# Data
——
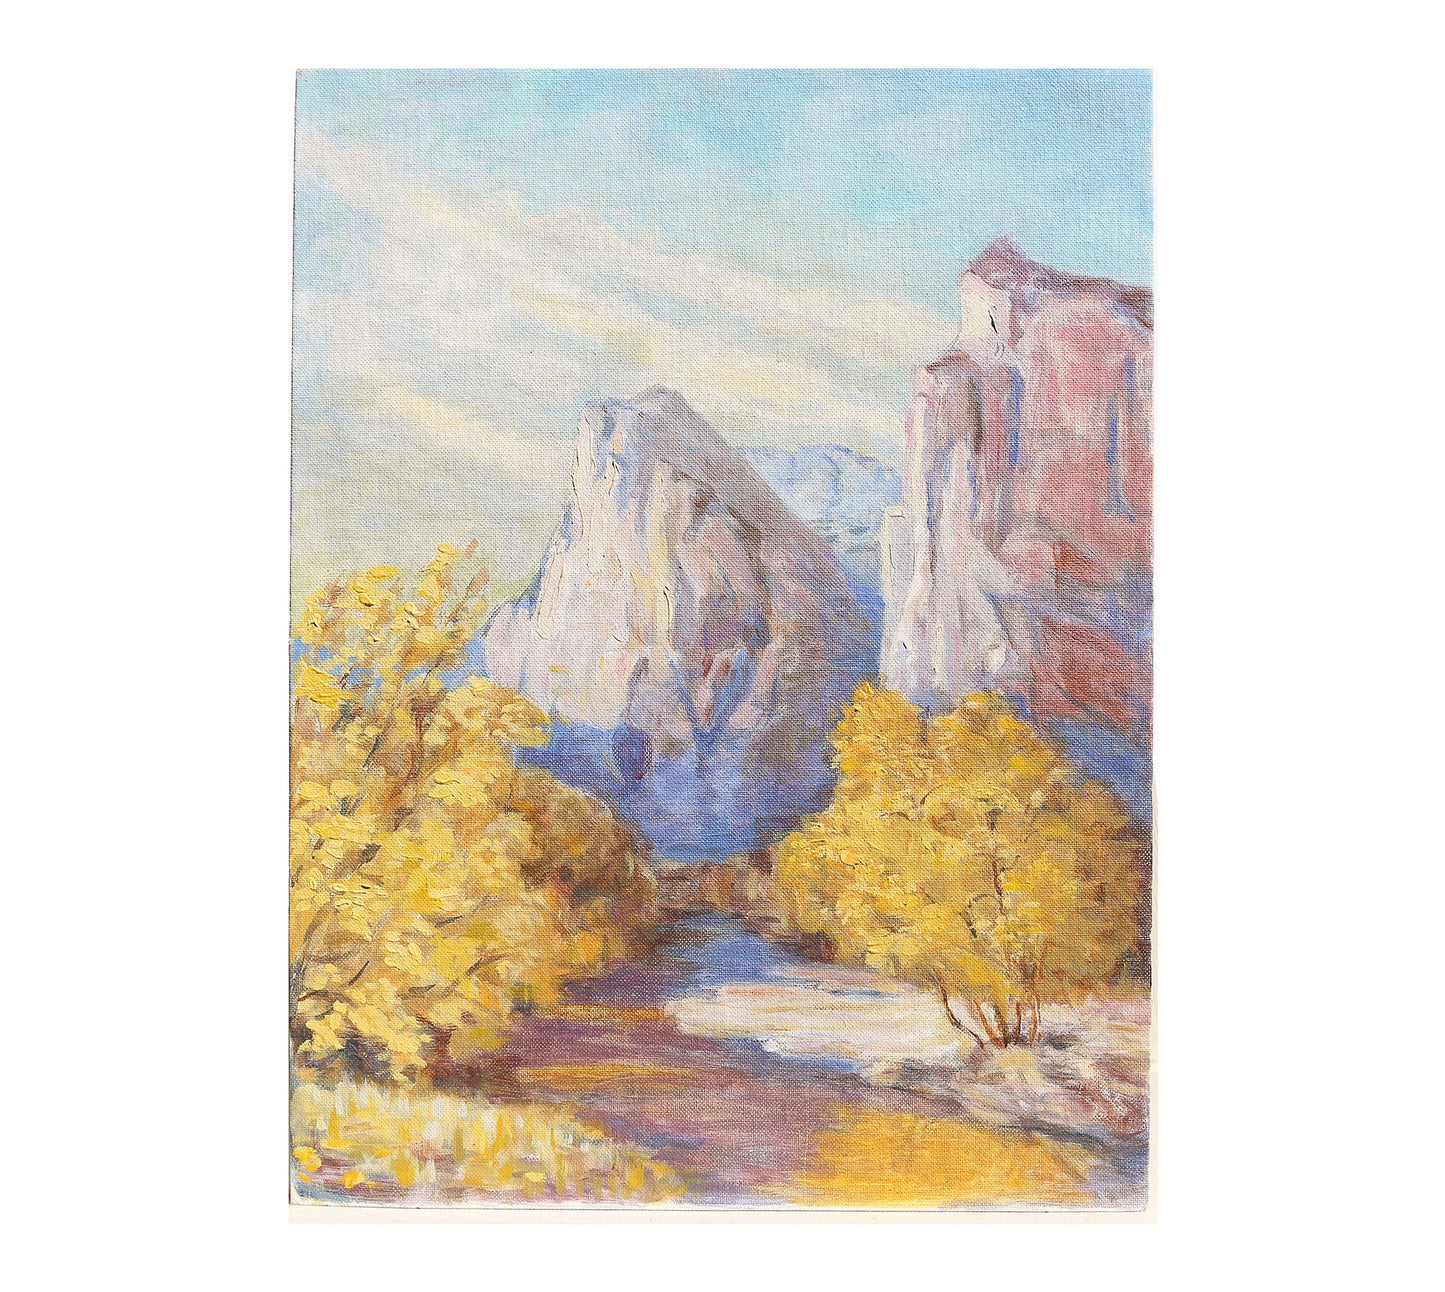 Oil Painting Landscape Treescape on Canvasboard "Connecticut Rock Formations with Autumn Fall Trees" Artist Jule Melbardis 1950s
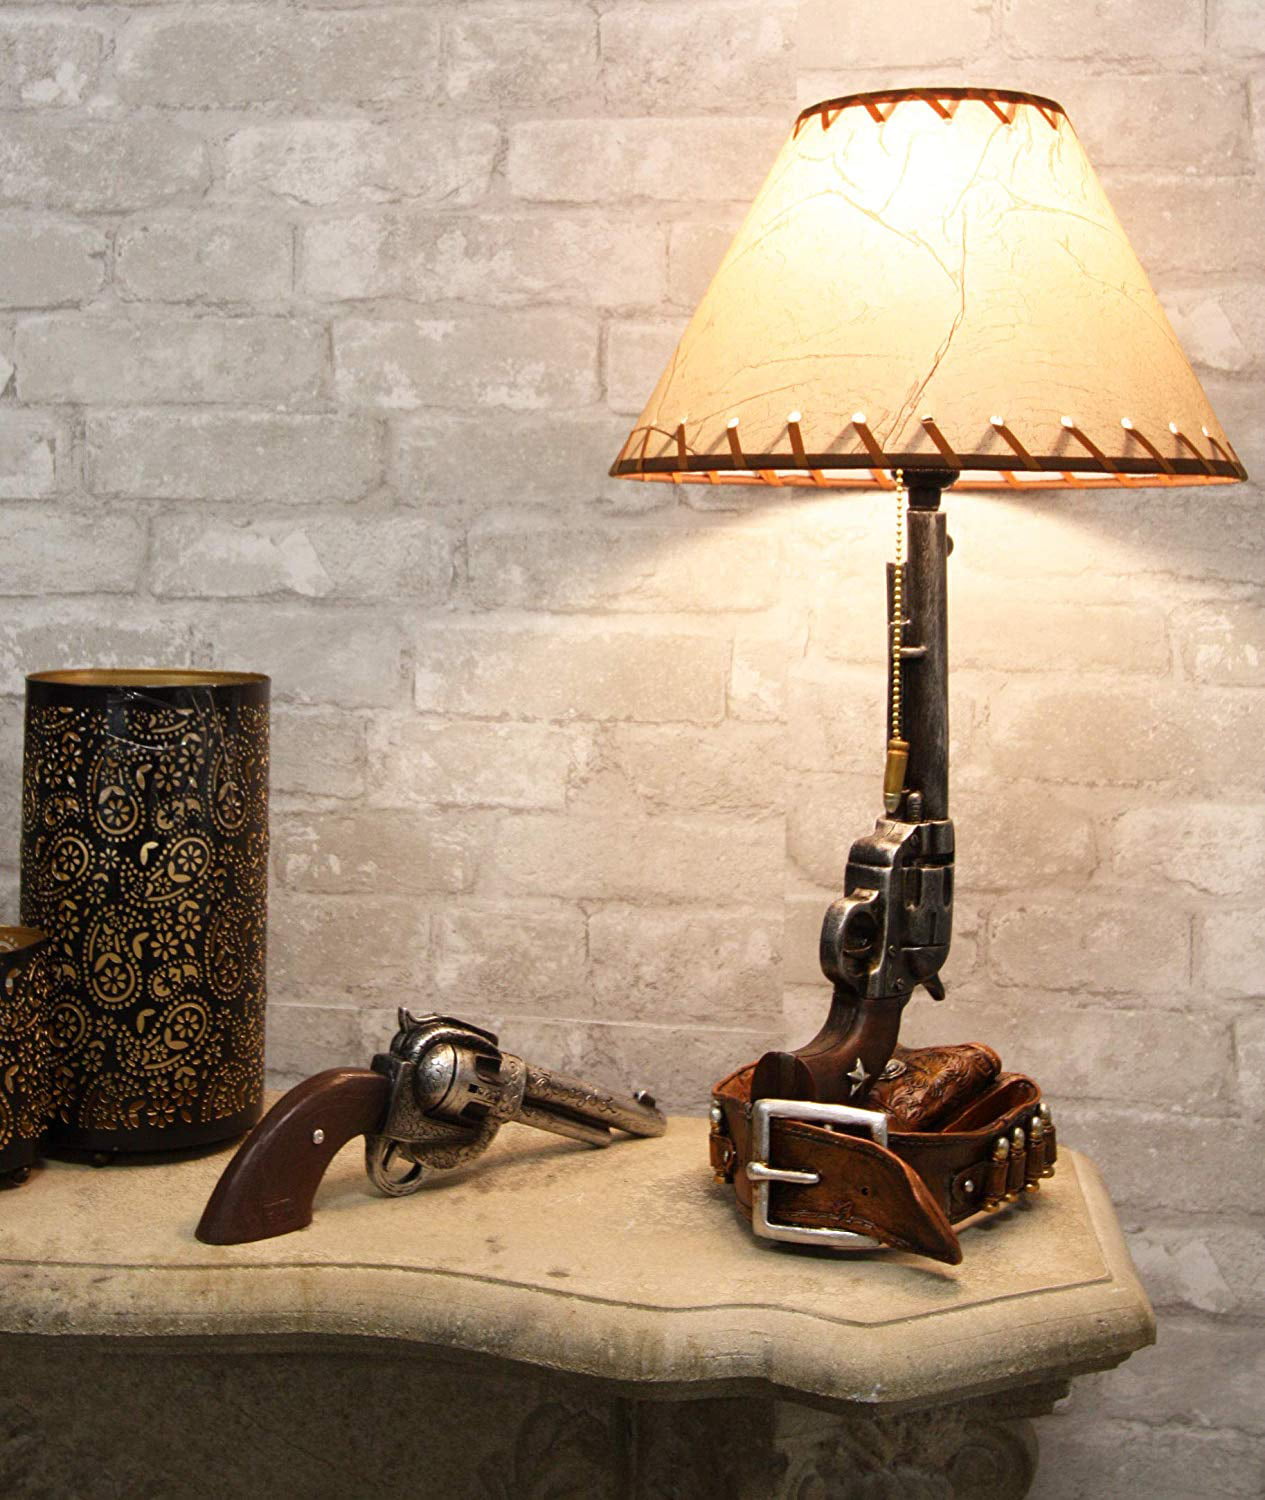 Ebros Western Six Shooter Revolver, Western Themed Floor Lamps
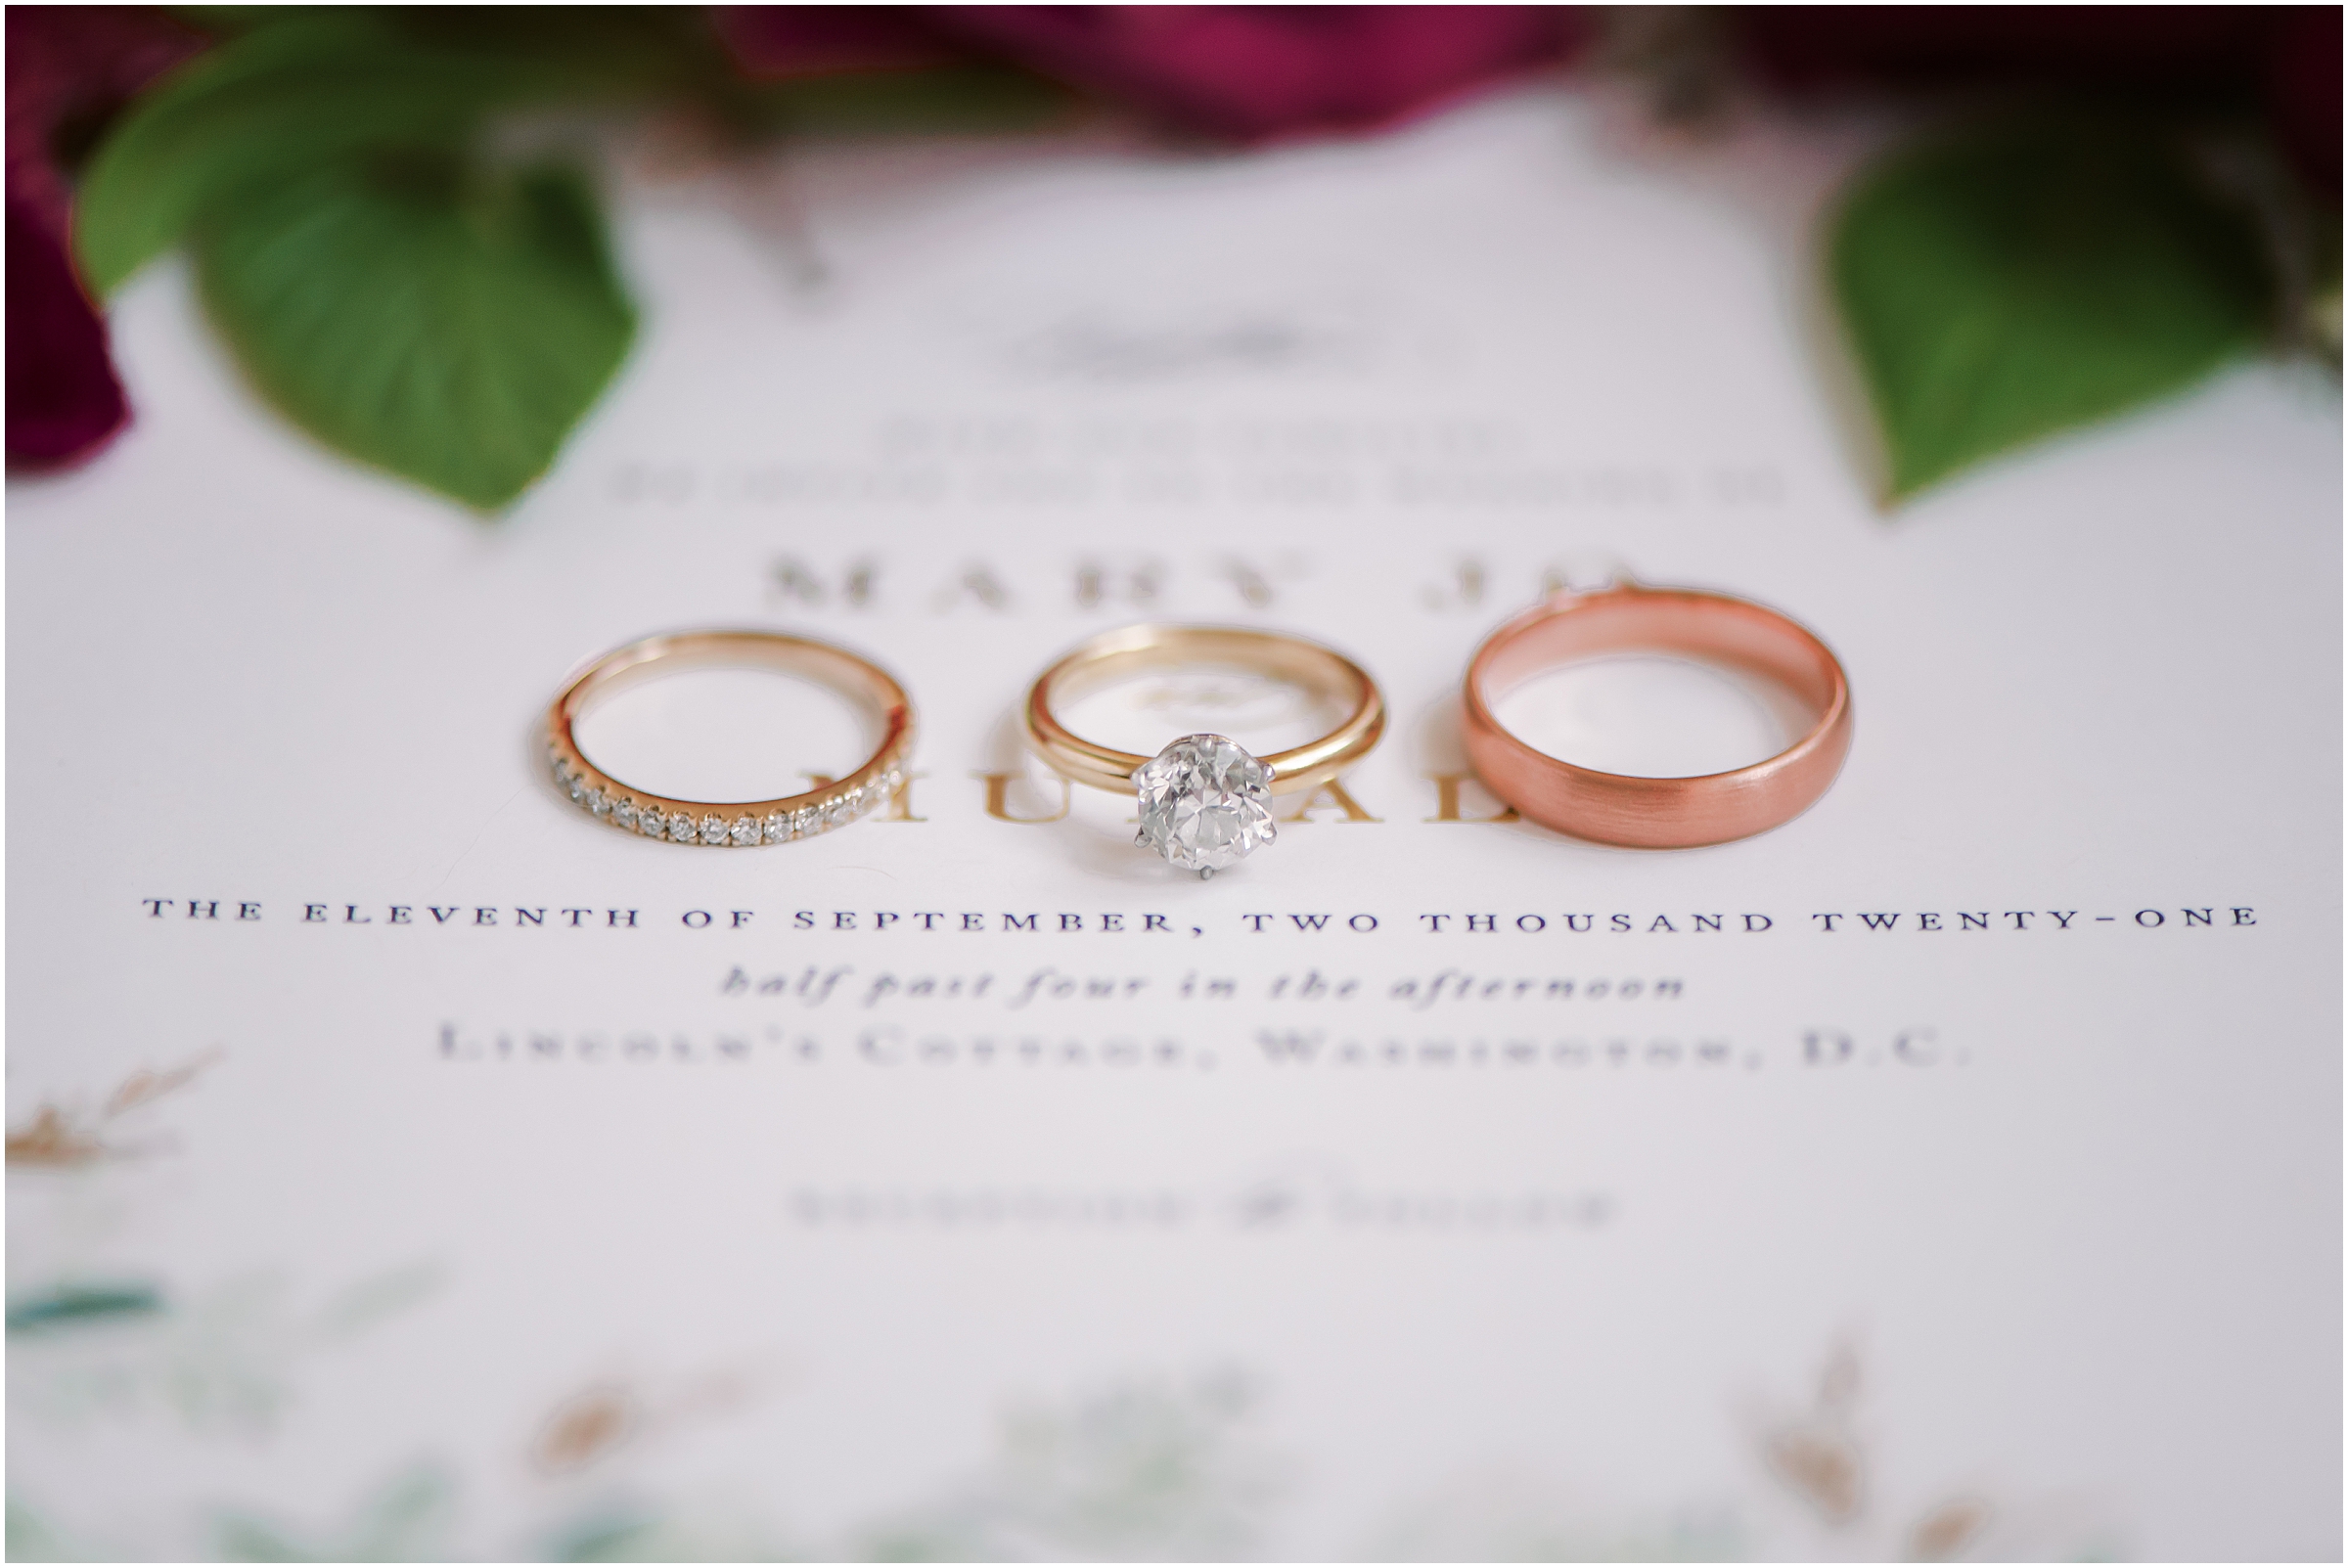 Wedding and engagement rings on invitation
——
# Task brief
Leaving the pictures out, output all of the listing exactly.

# Result of this exercise
 Oil Painting Landscape Treescape on Canvasboard "Connecticut Rock Formations with Autumn Fall Trees" Artist Jule Melbardis 1950s
 Ebros Western Six Shooter Revolver, Western Themed Floor Lamps
 Wedding and engagement rings on invitation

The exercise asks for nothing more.